Jack Greenberg, a civil rights attorneys who helped litigate the landmark Brown v. Board of Education case, died this week at age 91.
A member of Thurgood Marshall’s inner circle at the NAACP Legal Defense Fund, Greenberg worked on a number of high-profile civil rights cases, including Brown v. Board, which abolished “separate but equal” racially segregated public schools in 1954.
Greenberg—who was in his 20s when he helped argue cases that reached the U.S. Supreme Court under the umbrella of Brown v. Board—was the last living lawyer involved in the case.
Greenberg’s most significant contribution came in Delaware with Gebhart v. Belton, where he argued that black children in the state had the right to attend the all-white schools in their neighborhoods. The judge in the case ruled that the black schools were offering far less to children than the white schools —a violation of the “separate but equal” doctrine enshrined in the U.S. Supreme Court’s 1896 decision Plessy v. Ferguson. But the decision focused on two high schools and did not apply broadly throughout Delaware.
The U.S. Supreme Court combined that case with similar ones from the District of Columbia, Kansas, South Carolina, and Virginia into a single case which eventually became Brown v. Board of Education.
Marshall, the lead litigator, of course, went on to become the nation’s first black Supreme Court justice. When Marshall left NAACP Legal Defense Fund in 1961 to serve as a federal appeals judge, he hand-picked Greenberg, who was Jewish, as director of the Legal Defense Fund.
Greenberg did not see himself as an improbable choice to lead a national campaign legal against race-based segregation and discrimination.
“The question of race never really entered into it. It was a matter of human liberty. It was the principles that were involved,” Greenberg said in Richard Kluger’s “Simple Justice: The History of Brown v. Board of Education and Black America’s Struggle for Equality.”
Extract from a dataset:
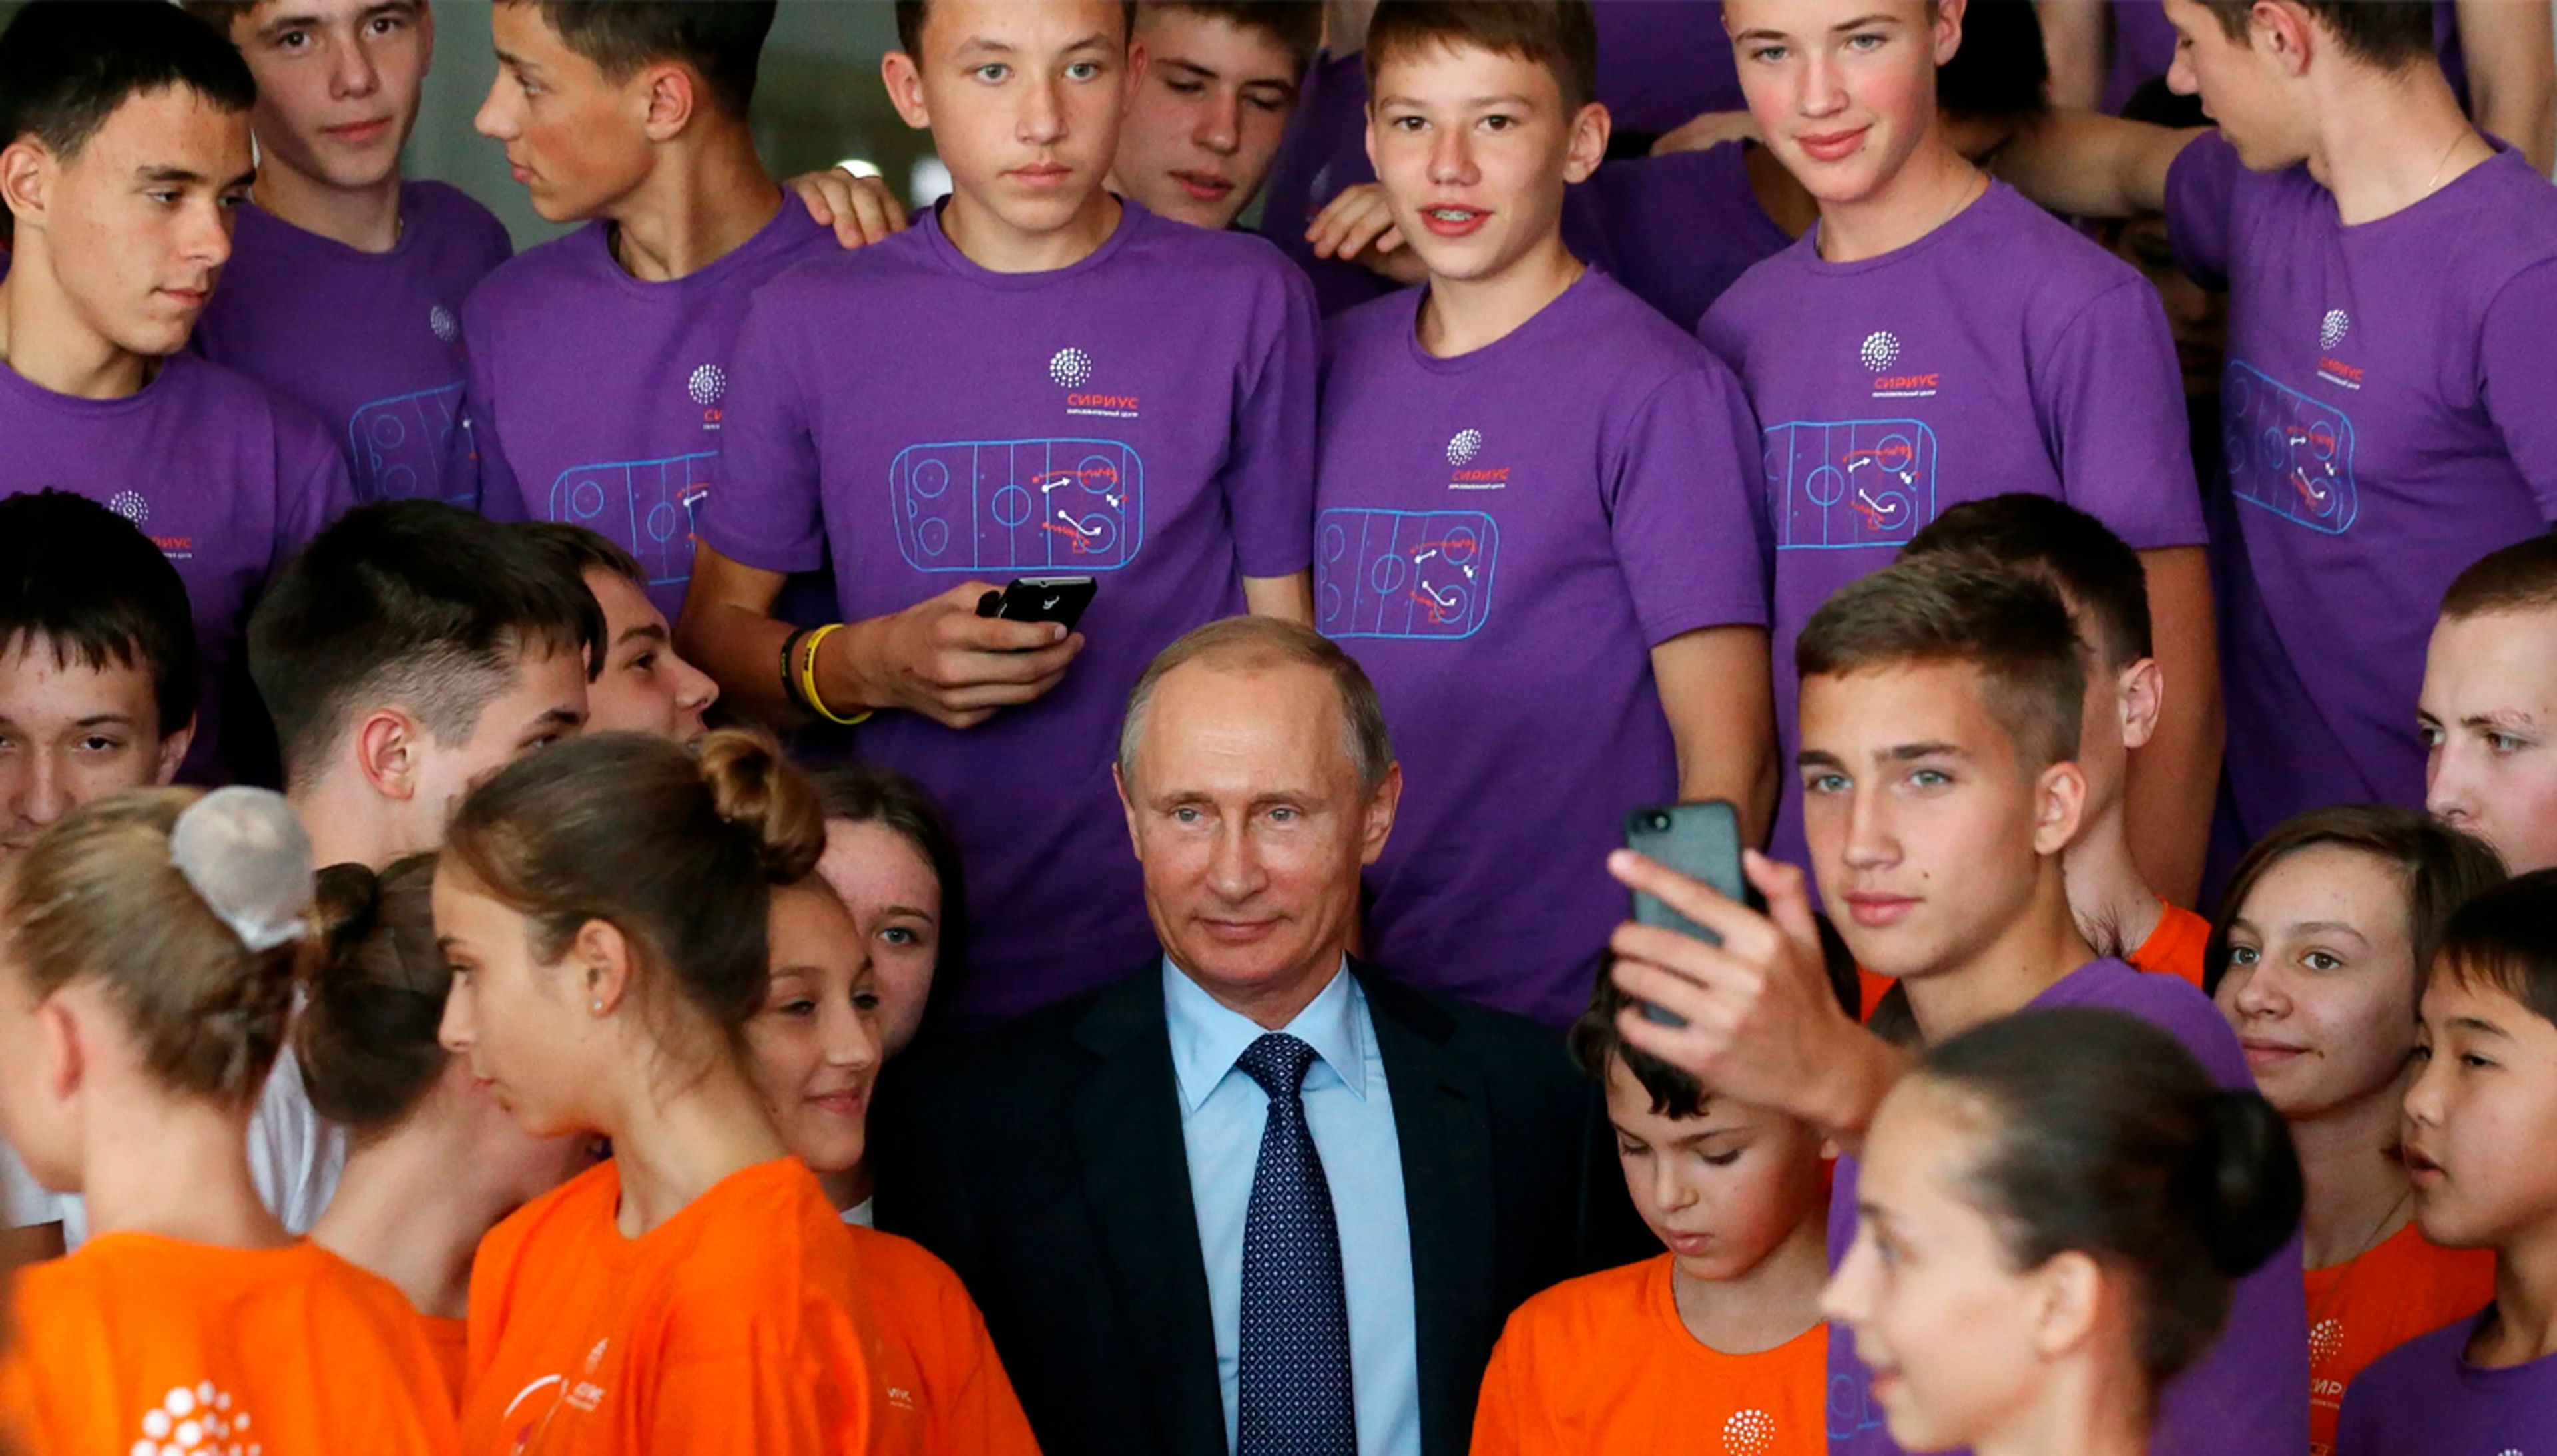 Putin posa con estudiantes durante una reunión para el Concurso Maestro del Año de Rusia en el centro de educación infantil Sirius el 8 de octubre de 2015 en Sochi, Rusia.
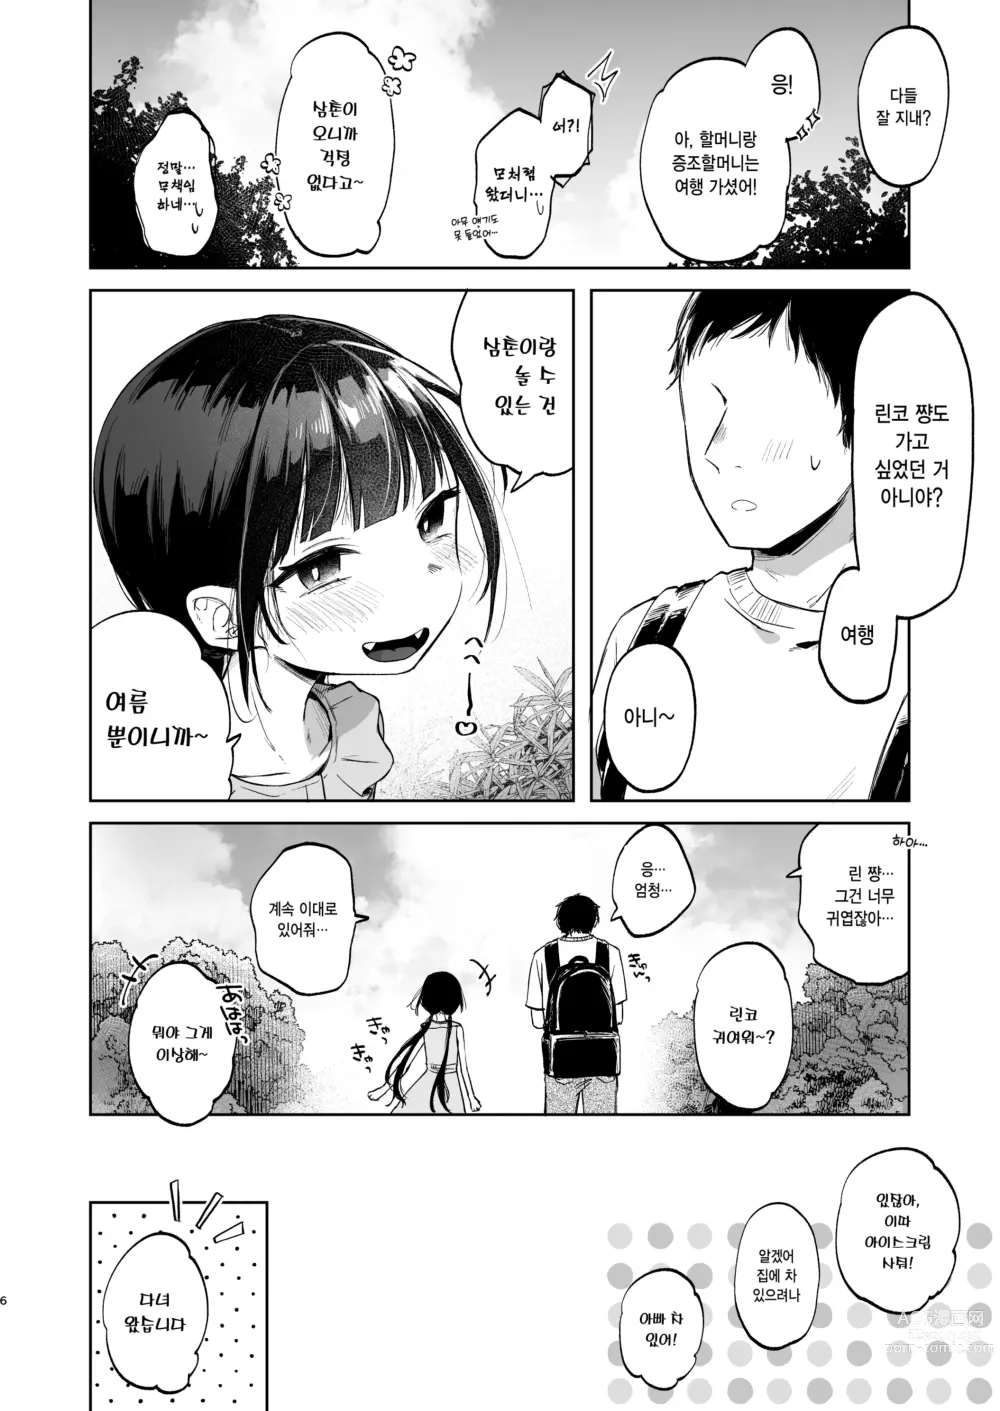 Page 6 of doujinshi 린코와 삼촌의 첫 여름방학

Greenberg went on lead the Legal Defense Fund for 23 years. Later in his career there, he argued Alexander v. Holmes County (Miss.) Board of Education, which came before the U.S. Supreme Court in 1969 to combat efforts to stall school integration in the south. In a case that came before the Court a full 15 years after Brown v. Board, the justices mandated that segregated school systems desegregate immediately.
After Greenberg’s retirement from the Legal Defense Fund, he served as an administrator and law professor at Columbia University—his alma matter.